WHAT IS NEEDED
Your task is to copy the listing exactly, with the pictures left out.

DATA BLOCK
*** Begin section ***
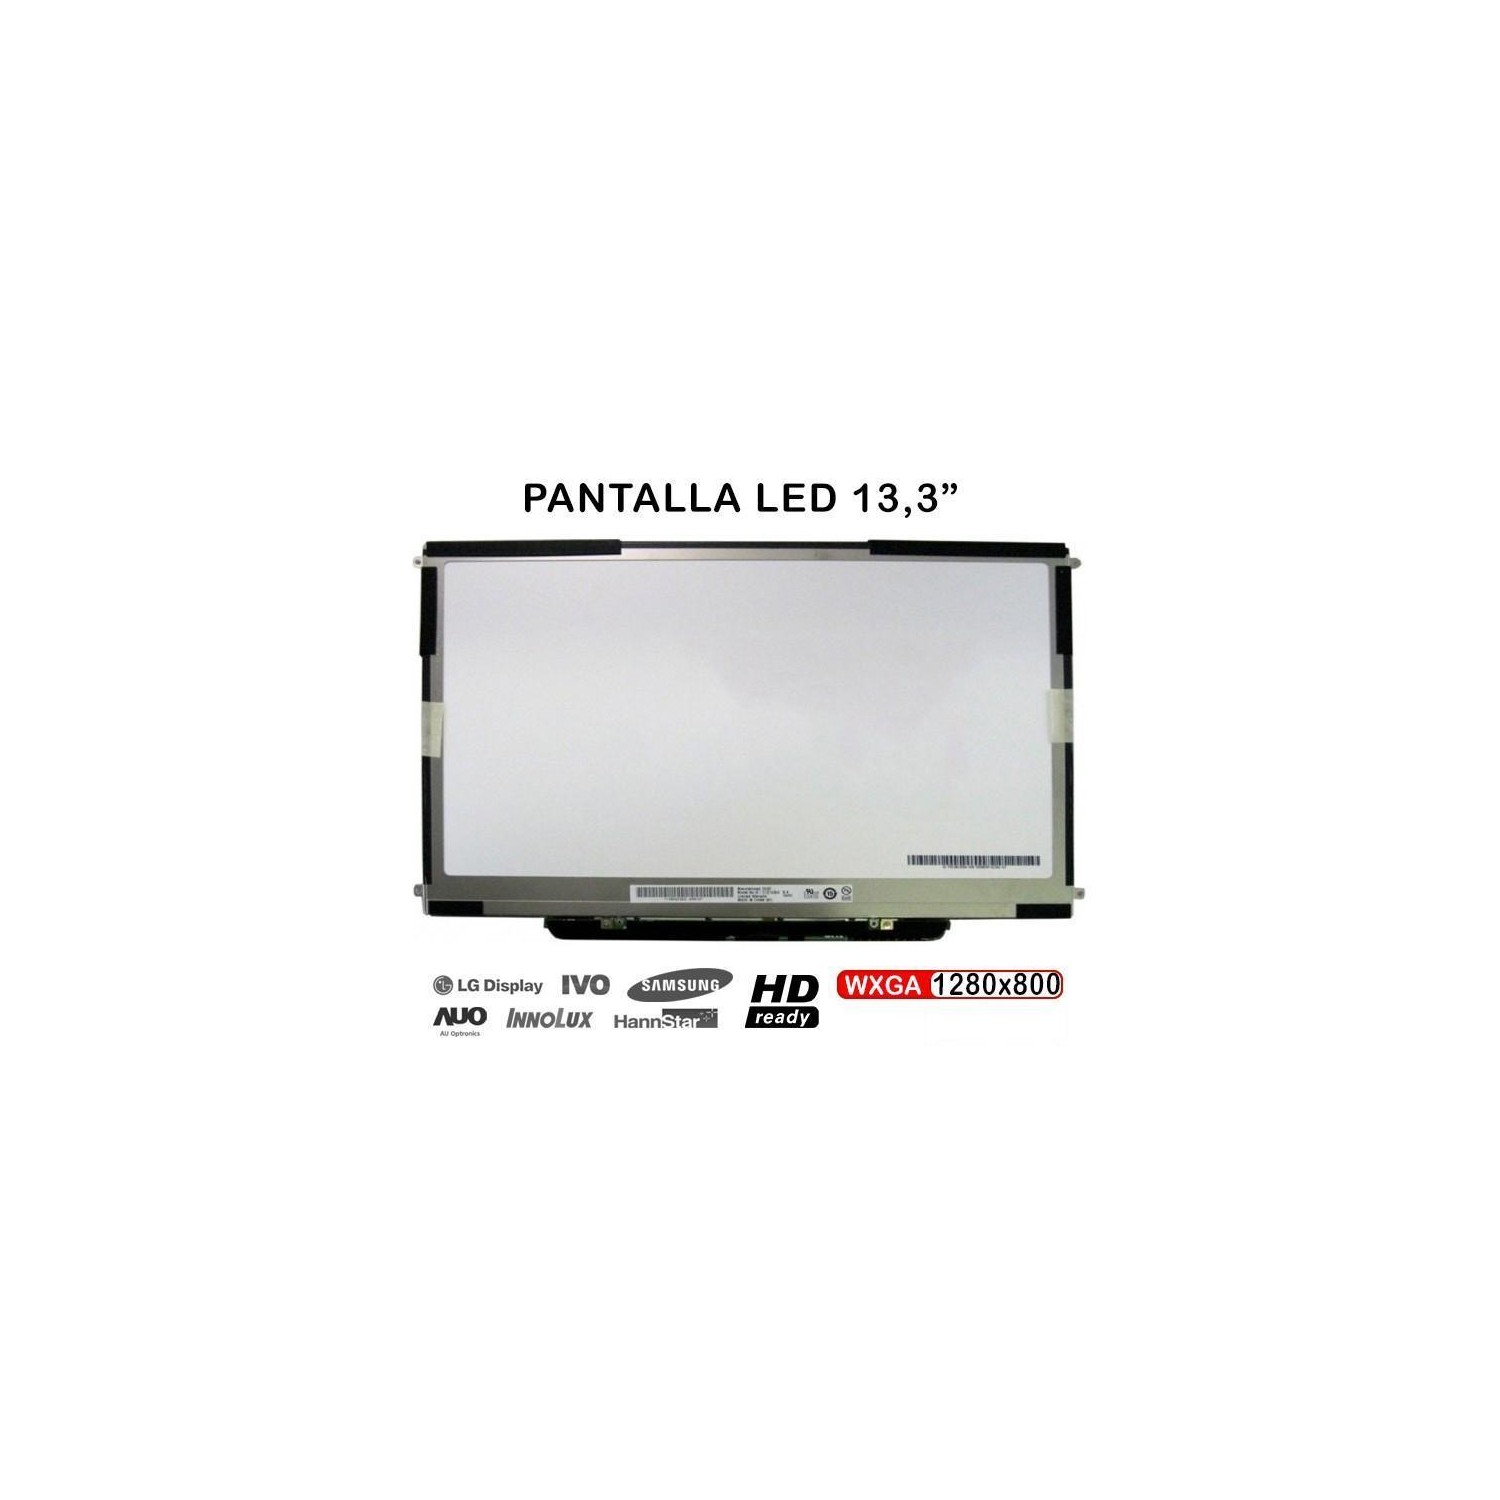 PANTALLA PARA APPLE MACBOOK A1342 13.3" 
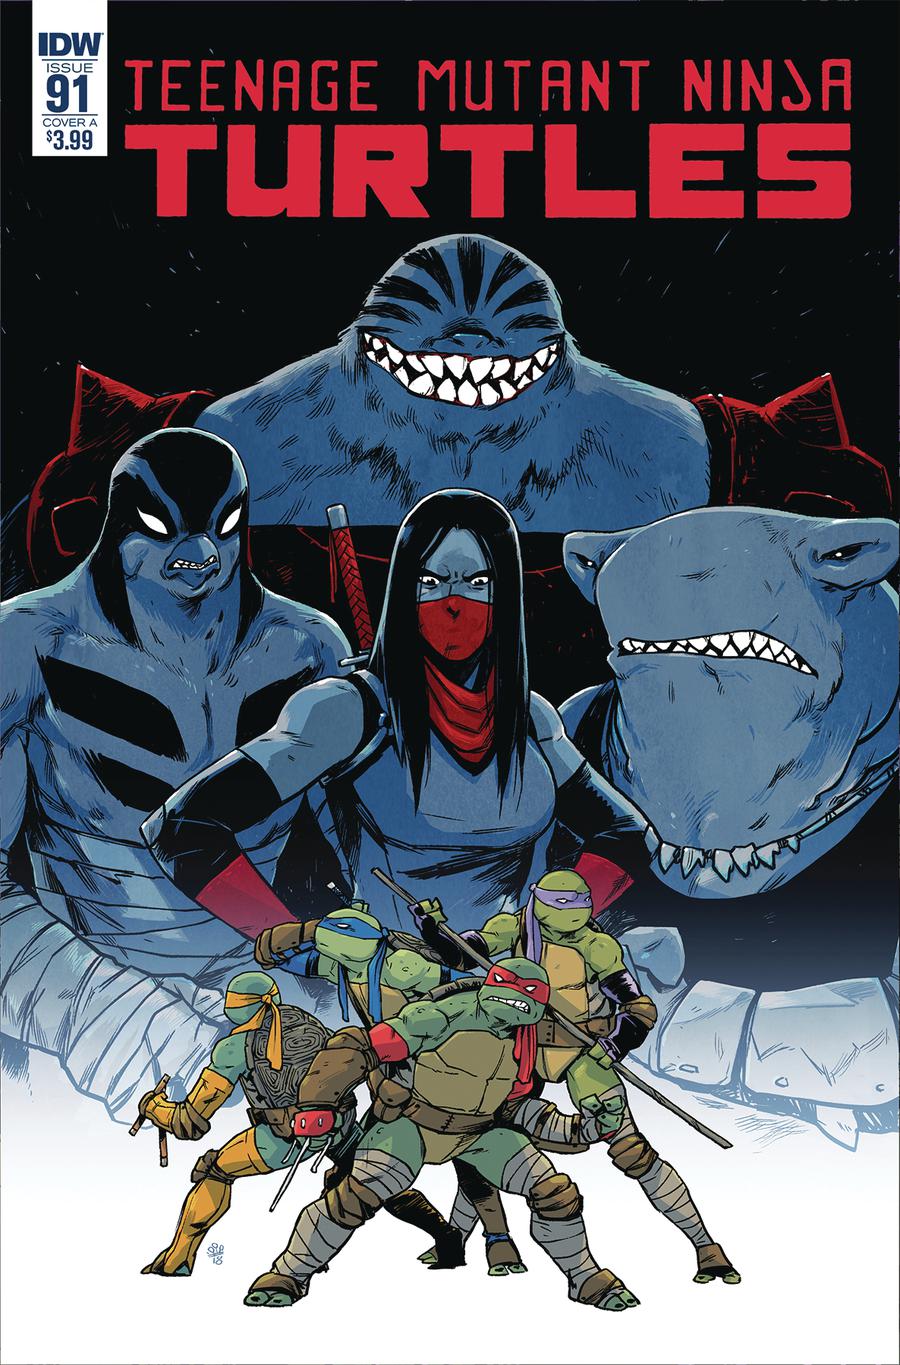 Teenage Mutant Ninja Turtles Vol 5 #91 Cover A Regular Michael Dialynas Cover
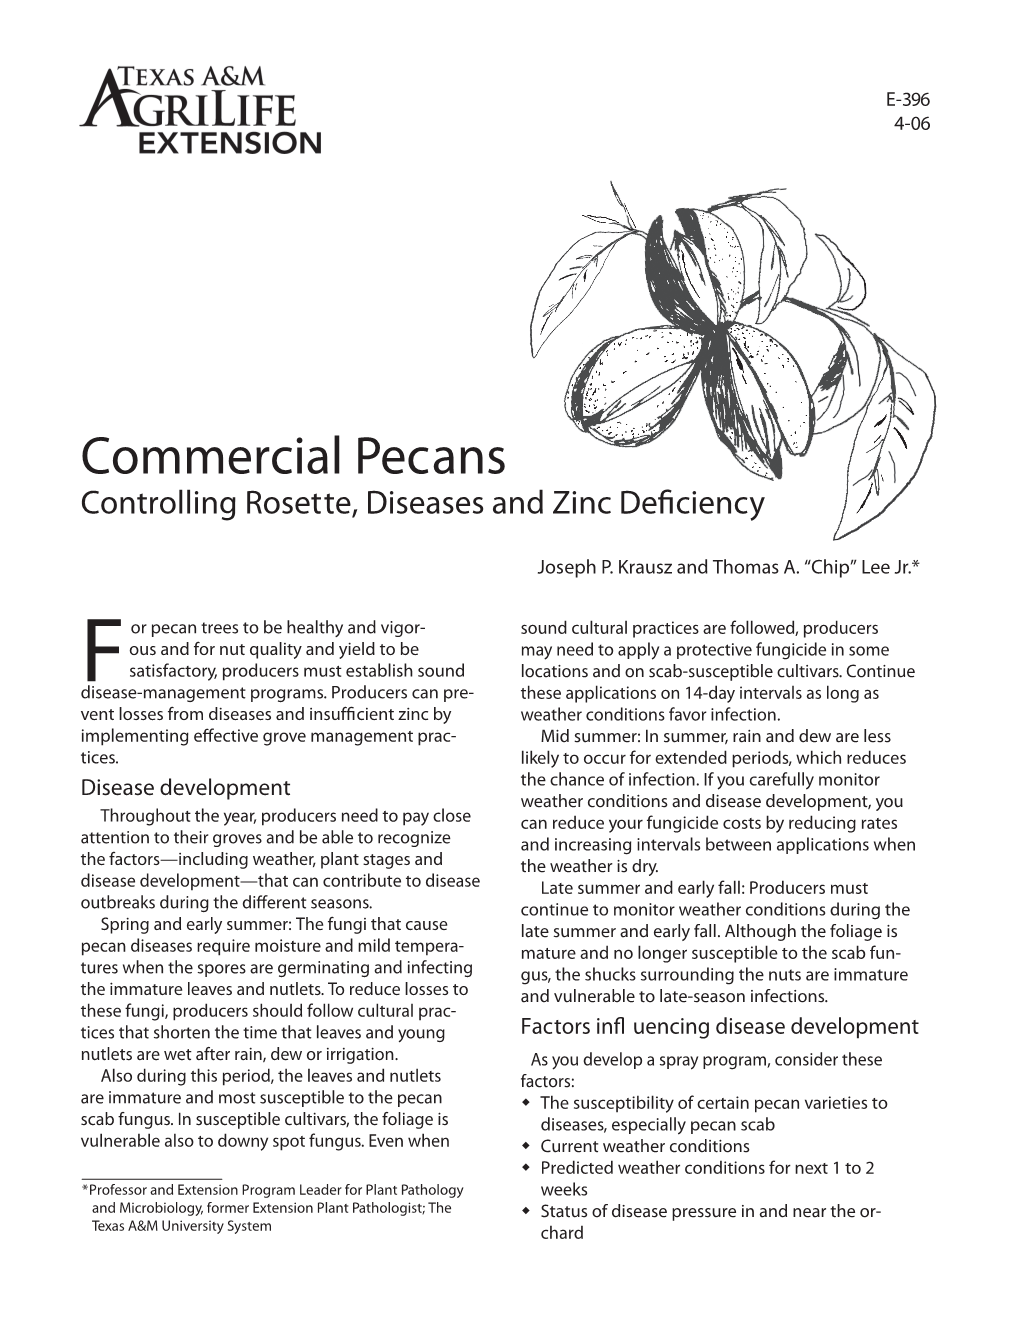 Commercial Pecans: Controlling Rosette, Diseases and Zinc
*** End section ***
EXERCISE SOLUTION
 PANTALLA PARA APPLE MACBOOK A1342 13.3" 
 Teenage Mutant Ninja Turtles Vol 5 #91 Cover A Regular Michael Dialynas Cover
 Commercial Pecans: Controlling Rosette, Diseases and Zinc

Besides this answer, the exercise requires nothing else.